Hauptinhalt

Deploy a Real-Time Video Frame Accumulator by Using External Memory

Since R2026a

In video processing designs, delaying entire frames is often necessary for algorithms such as temporal accumulation, motion estimation, or multi-frame noise reduction. However, storing full frames internally in a field-programmable gate array (FPGA) can quickly exceed the available on-chip memory, such as block random-access memory (RAM), especially when working with high-resolution video formats. To address this, you can offload delayed frames to external memory.

In this example, you create a recursive frame accumulator for 720p video on a Zynq®-based FPGA using HDL Coder. You use frame-to-sample optimization to convert a frame-based model into a pixel-streaming architecture, which you deploy in real-time by using AXI4-Stream Video interfaces.

To run this example, install and set up this software and hardware:

Open and Examine the Model

Open the hdlFrameAccumulator model. The DUT subsystem models a frame accumulator that computes the output using the complete frame at each time step. The model uses a recursive temporal filter that enhances motion by comparing the current frame to a delayed frame and accumulating the result over time.

load_system("hdlFrameAccumulator");
open_system("hdlFrameAccumulator/DUT");
set_param("hdlFrameAccumulator","SimulationCommand","Update");

To observe the algorithm, simulate the model for four seconds by clicking the Run button in the Simulation tab of the Simulink® Toolstrip. The test video features a triangle moving diagonally across the frame. The output shows a motion trail effect, where the triangle leaves a fading path behind it. This trail corresponds to the number of frames accumulated. In this image, the first and eighth frames of the input video zigzag_triangle_return_video.mp4 are shown on the left , and the processed output first and eight frames are shown on the right. Note that the eight previous triangle locations can be seen in the trail shown in eight output frame. The video frame size is 720-by-1280 pixels.

Processing entire frames on FPGAs and ASICs with limited I/O can require more resources than are typically available. For large frames, sample-based processing conserves memory, and reduces I/Os and latency. However, implementing even simple algorithms at the sample level requires you to design line buffers, state machines, and external memory controllers to manage the ring buffers and align multiple data streams. This process becomes more challenging as the design complexity increases.

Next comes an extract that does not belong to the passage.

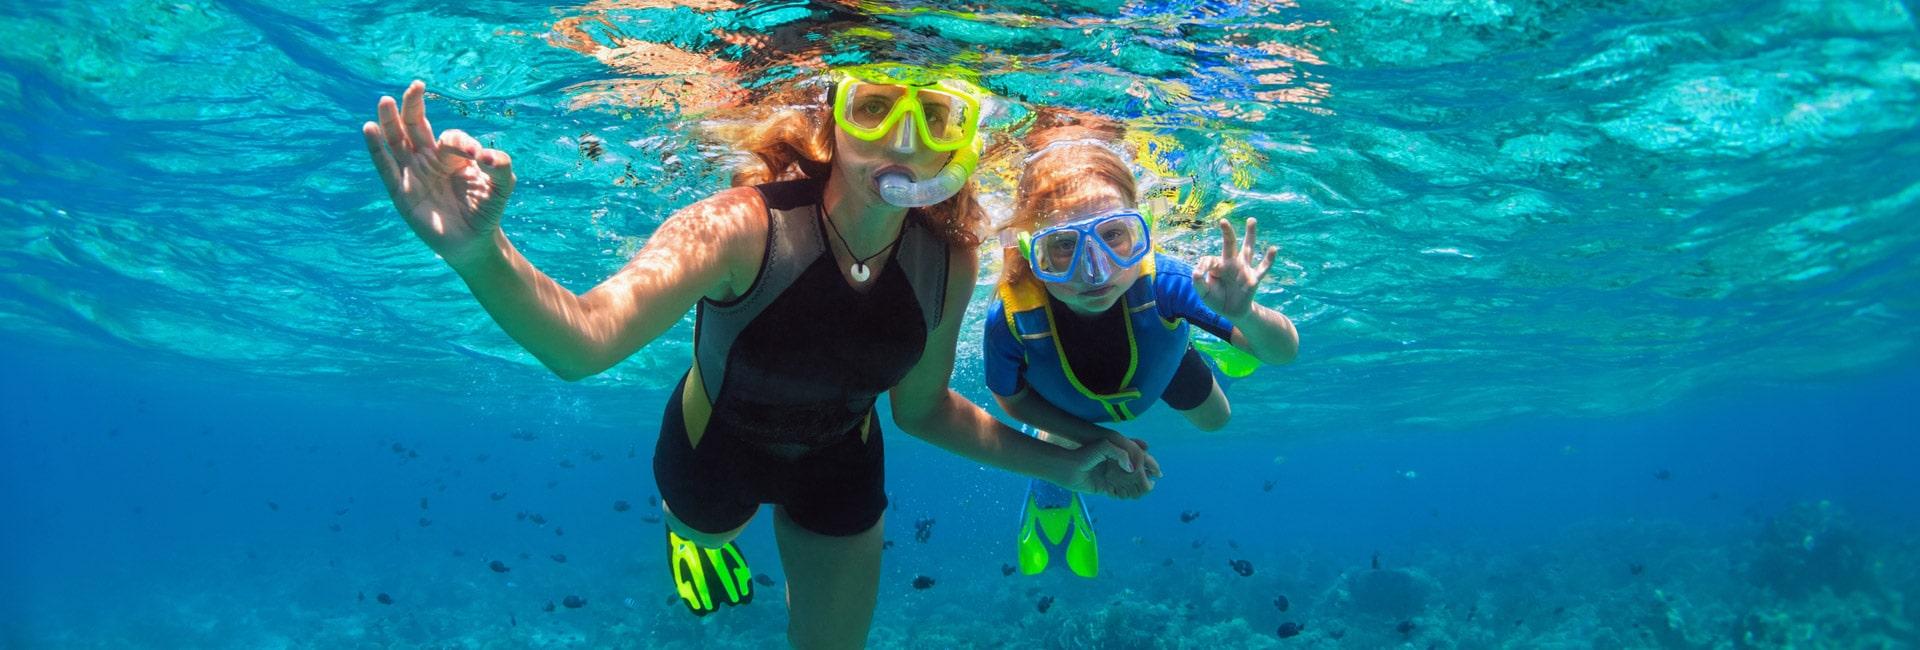 Snorkeling in nuevo vallarta

For example, if you want to model the frame accumulator implemented in the hdlFrameAccumulator model by using a sample-based approach, you must create these supporting elements manually. You can see an example of this method in the image below, which shows a model that implements the same video frame accumulator at the pixel level for a frame size of 24-by-32 to enable faster simulation. Because Simulink processes only one pixel per time step, simulating large frames can be slow. In this model, the orange subsystem contains the arithmetic logic for accumulation, while the remaining blocks contain the logic for data management.

You can address these challenges by using the frame-to-sample optimization to generate HDL code directly from the hdlFrameAccumulator model. With this approach, you can use simple adders and delay blocks in your design. HDL Coder generates the required buffering, external memory management, and AXI4 interface logic based on your configuration and reference design. Because Simulink processes entire frames, rather than individual pixels at each time step, the resulting model also simulates faster.

Enable Frame-to-Sample Optimization

First, optimize the model by using the frame-to-sample conversion:

1. Enable frame-to-sample conversion for the hdlFrameAccumulator model:

hdlset_param("hdlFrameAccumulator","FrameToSampleConversion","on");

2. Enable the HDL block property ConvertToSamples for the input image to be streamed, imageIn:

hdlset_param("hdlFrameAccumulator/DUT/imageIn","ConvertToSamples","on");

3. In the HDL Code tab, click Settings . In the Configuration Parameter dialog box, select the Optimization pane, then select the Frame to Sample Conversion tab. You can use the Delay size threshold for external memory parameter to specify the minimum delay size, in kilobytes, to use for external mapping.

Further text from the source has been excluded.